W porównaniu z rokiem poprzednim frekwencja zwiększyła się o 6,7 mln osób. - Wzrost liczby pasażerów jest wynikiem powrotu podróżnych na linie uruchomione po modernizacji oraz lepszej oferty, trafiającej w ich potrzeby – stwierdza Ignacy Góra, prezes UTK.

Największa liczba podróżnych skorzystała z Przewozów Regionalnych – 81,2 mln osób. Drugie pod względem ilości pasażerów były Koleje Mazowieckie z wynikiem 59,7 mln podróżnych, a kolejnym największym przewoźnikiem okazało się PKP Intercity, które przewiozło 46,1 mln osób. Niewiele mniejszą frekwencję odnotowały PKP SKM – 42,2 mln osób.

Z danych UTK wynika, że pod względem dynamiki frekwencji najlepsze okazało się Intercity, które przewiozło o 3,2 mln pasażerów więcej niż w 2017 r. (wzrost o 7,7 proc.). Największy przyrost miał miejsce w okresie lipiec-listopad 2018 r., w którym dynamika w poszczególnych miesiącach liczona r/r wynosiła od 10 do 12 proc. Za 12 miesięcy wzrost frekwencji wyniósł 8 proc., a zarazem 2018 r. okazał się dla spółki trzecim z rzędu, który PKP Intercity zakończyło dodatnim wynikiem finansowym. Prognozowany zysk netto wynosi ok. 190 mln zł.

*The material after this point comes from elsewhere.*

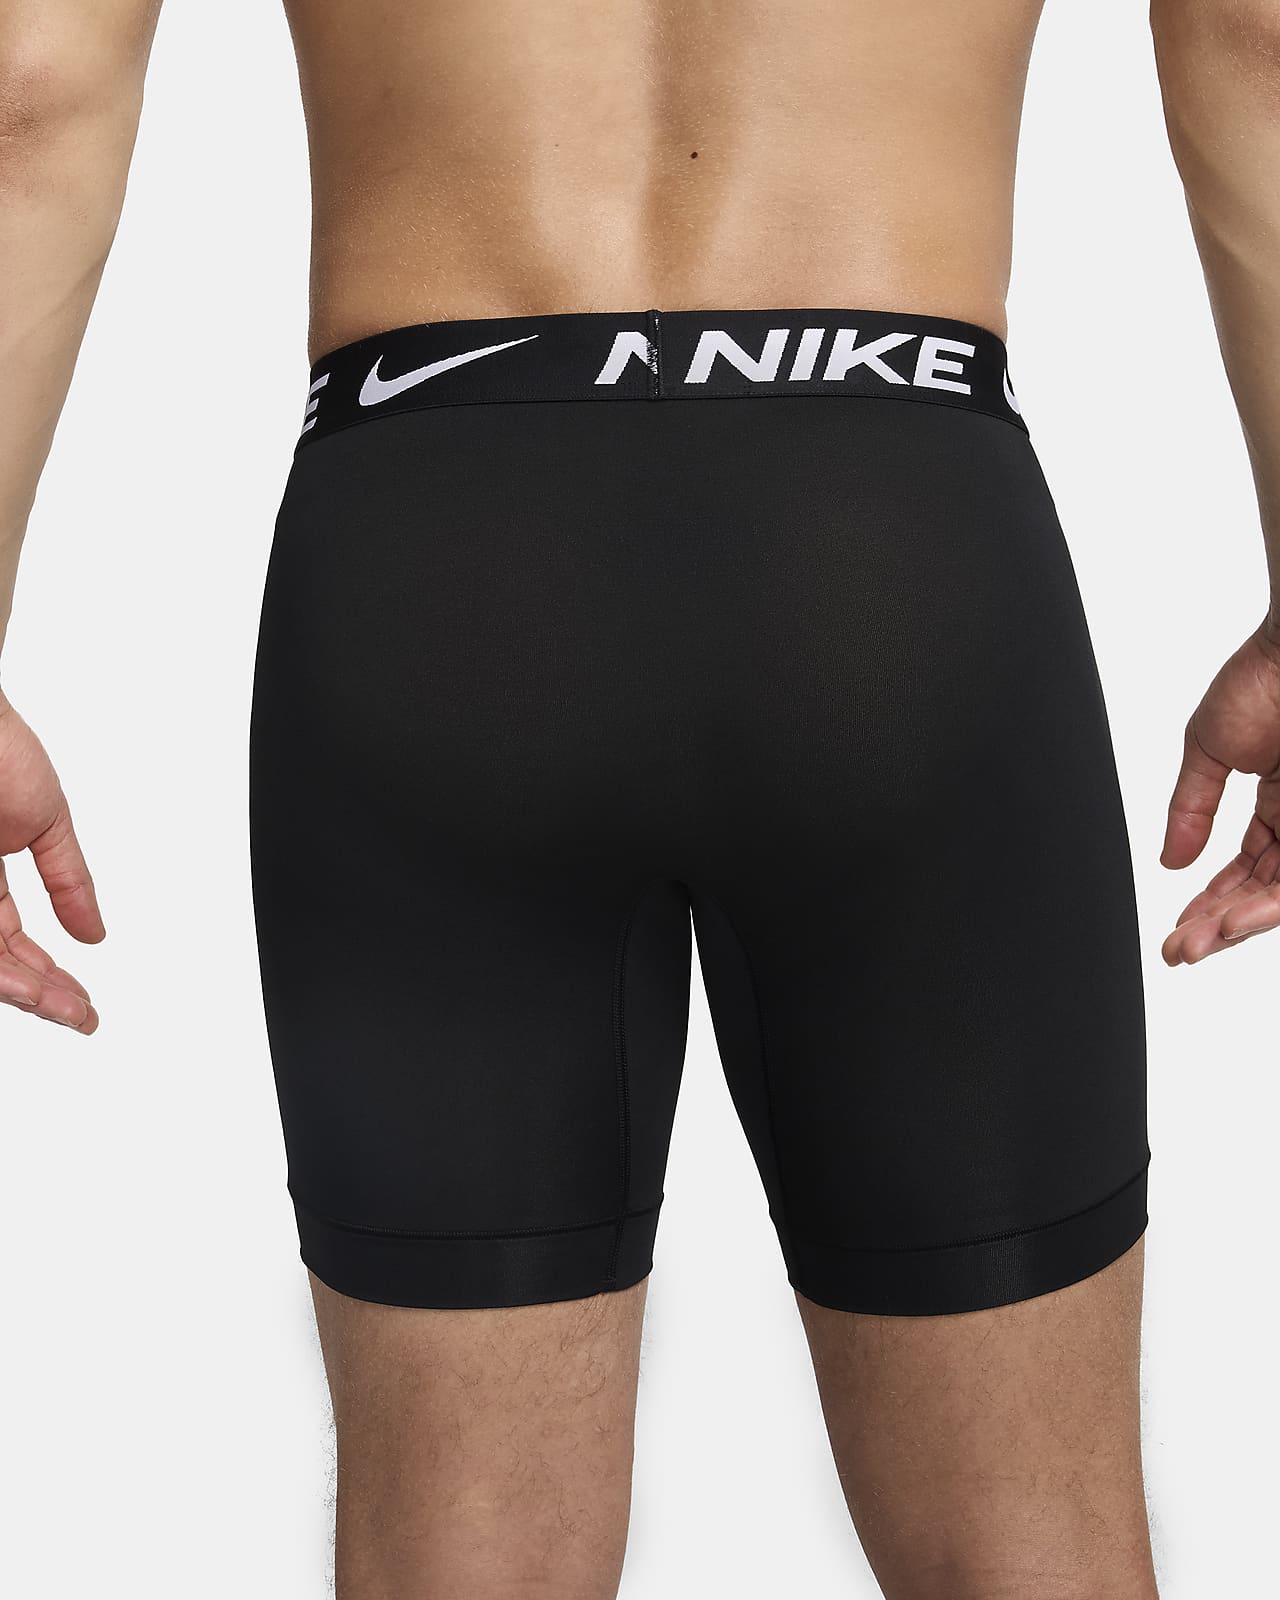 Nike Dri-FIT Elite Micro Men's Long Boxer Brief.

Spory wzrost liczby pasażerów odnotowały także Przewozy regionalne - o ponad 1,3 mln do poziomu 81,2 mln. Ostatni raz ten przewoźnik przewiózł ponad 80 mln pasażerów w 2013 r. Natomiast wśród przewoźników regionalnych i aglomeracyjnych największe wzrosty zanotowały Koleje Wielkopolskie (o ponad 2,6 mln), Koleje Dolnośląskie (o 2,3 mln), Łódzka Kolej Aglomeracyjna (o prawie 0,9 mln), Warszawska Kolej Dojazdowa (o prawie 0,9 mln) oraz Koleje Małopolskie (o blisko 0,7 mln).

Ubiegły rok przyniósł także lepsze wyniki w przewozach towarowych. Wielkość ładunków zwiększyła się o 4 proc. w porównaniu z rokiem 2017. UTK zakłada, że inwestycje w modernizacje torów zwiększą jej konkurencyjność, co miałoby przełożyć się na kolejne wzrosty przewozów. - Poprawiający się stan infrastruktury kolejowej powinien wpłynąć na możliwość zapewnienia lepszej oferty przez przewoźników towarowych, a to z kolei powinno przyczynić się do wyrównania szans przewoźników drogowych i kolejowych – twierdzi Góra.